When The Texas Tribune launched in November 2009 as a nonprofit online news organization, it had one mission: to provide comprehensive reporting on politics, public policy and state government—increasingly critical coverage as local papers closed and the Austin capital city press corps waned.
The Tribune’s founders hoped that by 2013 it could raise at least $9 million from corporations, philanthropic foundations, individual donors and more, and perhaps break even on $3 million in revenue.
One year shy of that target, the Tribune has more than exceeded those goals. It’s raised almost $11 million, is approaching profitability, has a rapidly expanding national reputation, and has a content client in The New York Times. “We couldn’t have imagined it would be this good,” said Evan Smith, the Tribune’s fast-talking CEO, co-founder and editor in chief.

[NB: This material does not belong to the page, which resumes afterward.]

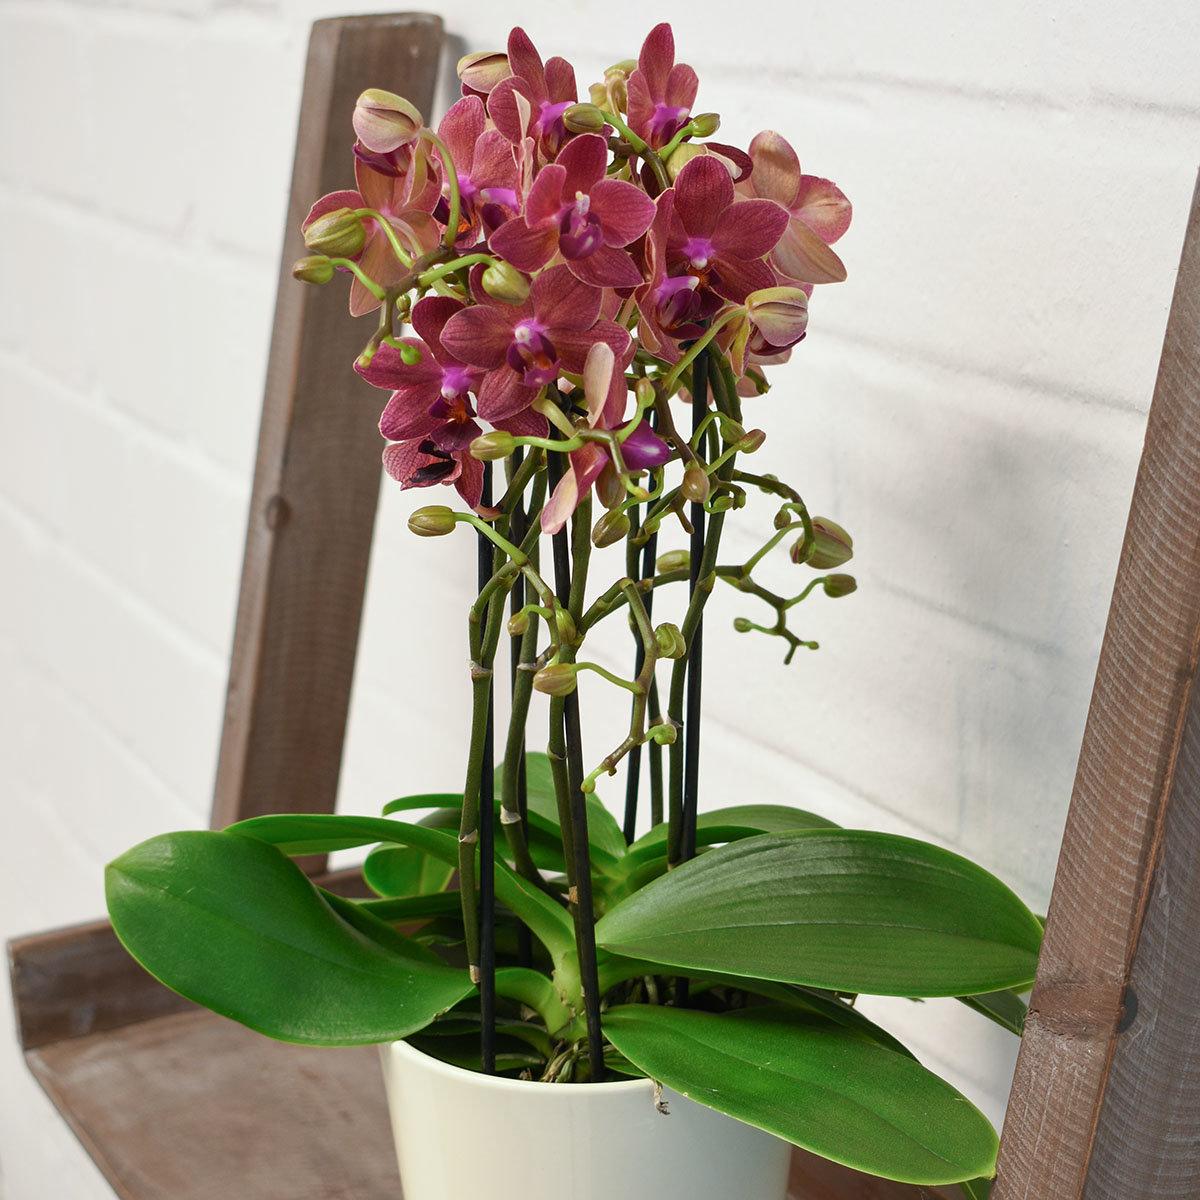 schmetterlings orchidee sunset inklusive ber und wasserspeichertopf online kaufen bei g rtner. Black Bedroom Furniture Sets. Home Design Ideas

Smith, who had been the longtime editor of the prestigious Texas Monthly, is certainly one reason for the good news. But the Tribune also hasn’t been afraid to experiment. Events like last year’s “Festival of Ideas,” a two-day confab netting more than $400,000, have drawn corporate sponsorships, while public databases of everything from government salaries to campaign donations have generated as much as two-thirds of the site’s traffic.
“The data stuff has been a total surprise,” said Smith. “We all look so goddamn smart now, but the fact is, I don’t think we had any idea at the beginning.”
In the meantime, the site’s reporting has become more relevant nationally, helped by events like Texas Governor Rick Perry’s presidential campaign. On Aug. 15, the Monday after Perry announced his run, the Tribune website (www.texastribune.org) saw its highest number of uniques (143,689) for a single day.
Since then, the site has been a go-to source for Perry coverage, which also factored into its relationship with the Times. It began in 2009, when the Times’ associate managing editor Jim Schachter was tasked with hiring a regional news content partner for the paper’s Texas edition. They’ve even collaborated on some stories that appeared on A1 of the Times. “The Texas Tribune, even in its early days, was far and away the most formidable ‘other’ news organization there,” said Schachter.
The national spotlight notwithstanding, Smith said the Tribune plans to stick to its vertical niche: “I think the reason our traffic has grown is because . . . we’re so mission-centric.”
The Tribune projects taking in about $4.5 million in revenue and hitting profitability this year. Moving forward, Smith hopes to secure $1 million per year each in philanthropy, membership, events and corporate funds, and $500,000 to $1 million annually in restricted foundation grants.
“It’s a sustainable model,” Smith said. “But can we sustain it? That remains to be seen.”